夏苗幽幽叹了一口气:“此事说难也难,说不难也不难。既然她们不想要侍候老祖宗,你就去做吧!只是老祖宗的病不知得要多久才会好转,你得要有个心理准备,切忌半途而废。若是做不了,不想做,就干脆不要做。”
云姨娘眼珠转了几转:“是啊,她们都不愿意做,只有我做了,老祖宗和老爷定会记在心上,好主意,真是好主意!”
夏苗不放心地又说:“会很辛苦的,你做得下来吗?”
“没问题!”云姨娘拍着胸脯说,“你娘以前就是当丫环的,再苦再累的活都做过,这点事怕什么?”
“那好,我去劝爹不要为难姨娘她们。”夏苗转身就向大福居走去。
云姨娘在后面不甘心地追着说:“干嘛要去救她们?把她们赶走不更好吗?”
夏苗转过头来,看着自己亲娘急于求成,有点自私的脸,又叹了口气:“今天她们被赶走,明天爹就会又弄些更年轻女人来把锦绣园住满。娘啊,你是得不着半点好处的。”
“哦,是是。”云姨娘口中称是,眼里却有几分焦灼,手也不知不觉握了拳。
夏苗实在是不忍,又问:“娘,这样你也要给爹生个儿子吗?”
“要,要,要的。”云姨娘喃喃说着,眼神中却多了一分不安。
大福居的前坪上的青石被阳光照得滚烫,夏家养尊处优的女人们脱去了华服,披散长发,卸下妆容,跪成两排,前一排是姨娘,后一排是她们的女儿。

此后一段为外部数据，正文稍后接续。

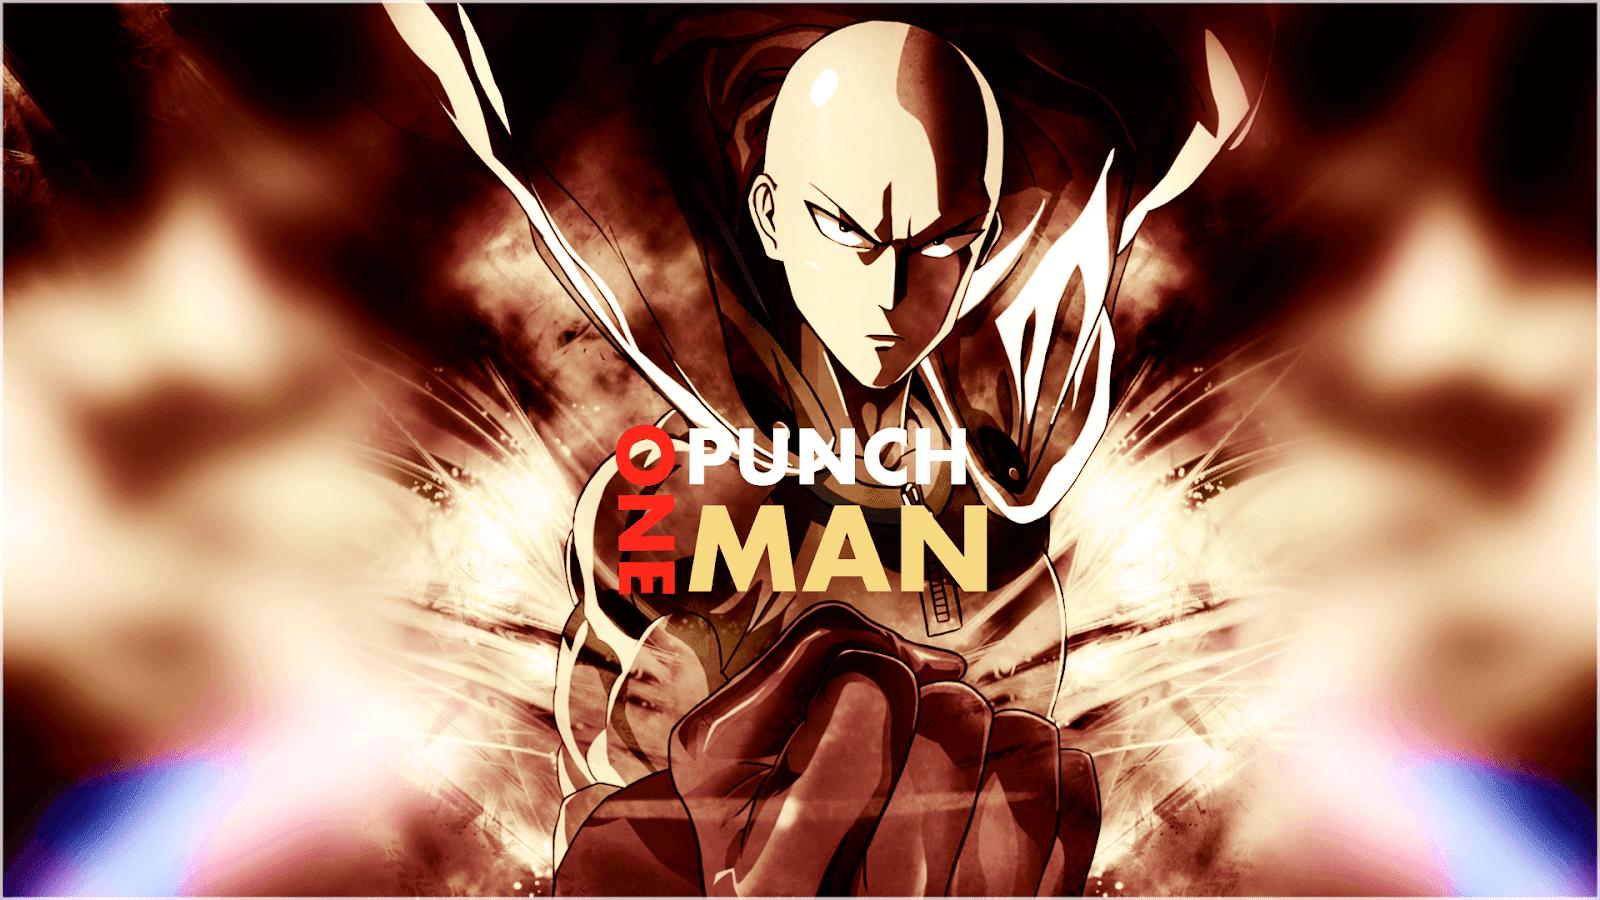 جميع حلقات انمى One Punch Man الموسم الثاتى مترجم أونلاين كامل تحميل و مشاهدة

夏百川在房檐下烦躁地走来走去,大骂道:“你们这些女人是好日子过腻了,想要讨打,是不是?告诉你们,你们这些女人的命加起来,也抵不了老祖宗的命!你们最好求菩萨保佑,求姜大夫不要撒手不管,求老祖宗早点好转,要不然……哼,别以为生了女儿就了不起,我夏百川就当没生过她们!反正都和天青、柳儿一样是赔钱货,是吃里扒外的货色。老子早就应该看清楚了,你们一个一个全是贪图我们夏家的钱财,哪里会把我这个老爷看在眼里?以前老祖宗康健时,你们倒是殷勤得很,人一病,你们就嫌弃了,就不看在眼里了,我还喘着气呢!有我一天,就绝不会让你们这样胡闹!今天你们这样对老祖宗,等我老了病了的一天,你们打算怎样处置我?罢了,也不用等你们对付我了,我先遣散了你们,看哪里有高枝就到哪里去,我不拦着你们!”
这些话已被他反反复复地说过,每说一次就更狠一些,姨娘们脸上挂着泪,不是不想求饶,实在是不敢分辩了。只要她们多说半句,夏百川就暴跳如雷,只差没有打人了。
夏苗和云姨娘携手而来,后面还跟着大米。
碧珠见到夏苗,忙大叫:“五姐,求你救救我娘!你是当家人,只有你能救我娘,求你了!”
她一叫,那些妹妹们全都哭了起来。
姨娘们想起每次都是夏苗把大事化小,小事化了,是个和事佬,看来只有她能救她们了,全都可怜巴巴地看过来。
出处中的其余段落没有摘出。